Emmanuel Boakye Owusu (born 19 February 2000) is a Ghanaian professional footballer who plays as midfielder for Ghanaian Premier League side Bechem United F.C.

Career 
Owusu started his professional career with Bechem United in January 2018 ahead of the 2018 season. On 16 March 2018, he made his debut after coming on in at half time for Kwaku Bonsu Osei in a 3–0 loss to International Allies.

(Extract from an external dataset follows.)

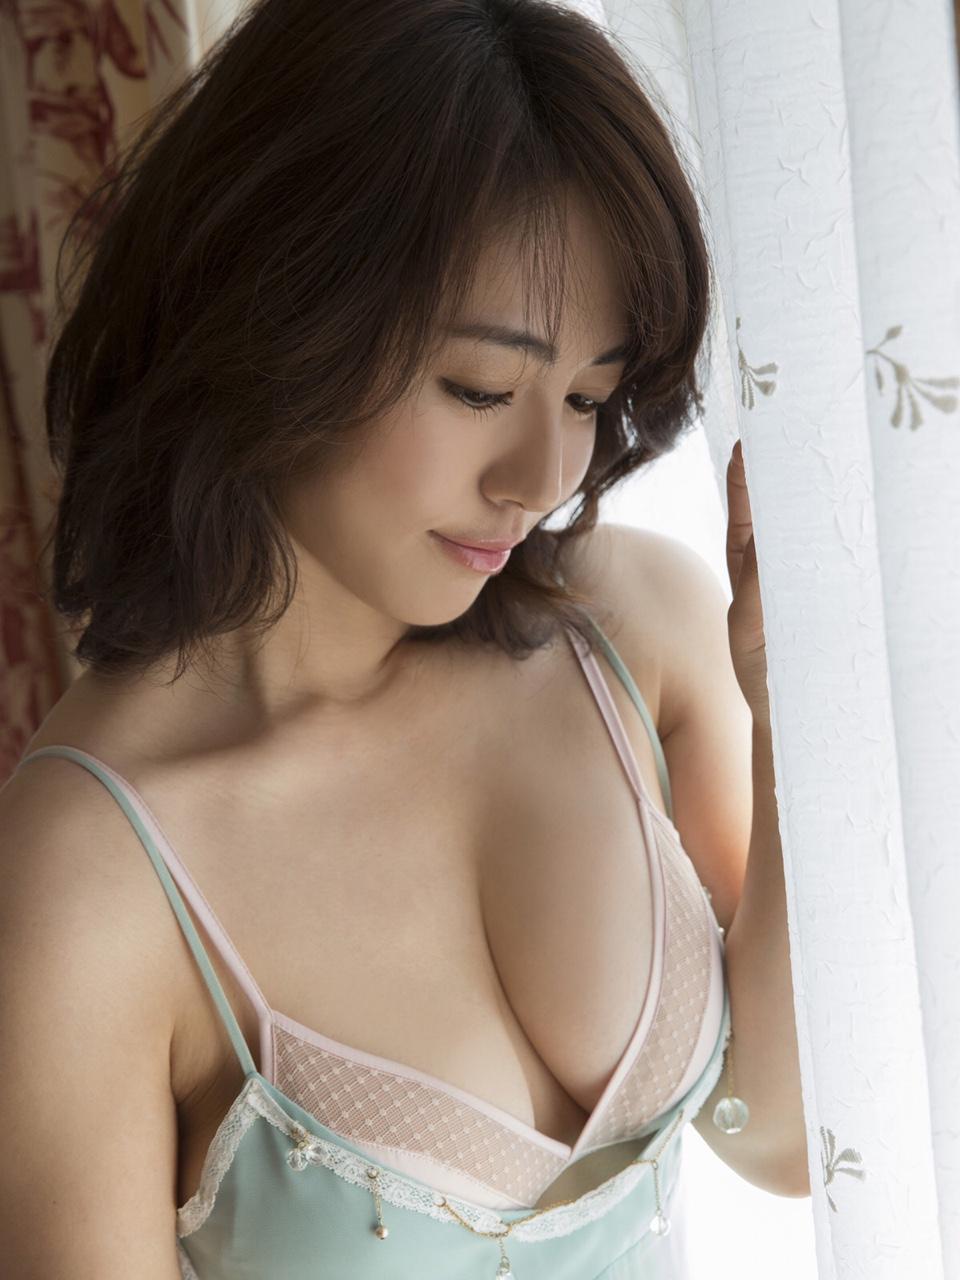 gs_isoyamasayaka_001_004.jpg

In his second game for the club on 25 March 2018, he started his first match and scored his debut goal to help Bechem to a 2–0 victory over Medeama SC. During his third match, he scored a goal in the 19th minute. The match however ended in a 1–1 draw due to a goal from Amos Addai. The league season was abandoned due to dissolution of the GFA in June 2018, as a result of the Anas Number 12 Expose, he therefore ended the season with 10 league matches and 2 goals. During the 2019 GFA Normalization competition, he made 10 appearances and scored 2 goals. He also made 7 league appearances during the 2019–20 season before it was truncated due to the outbreak of COVID-19 in Ghana.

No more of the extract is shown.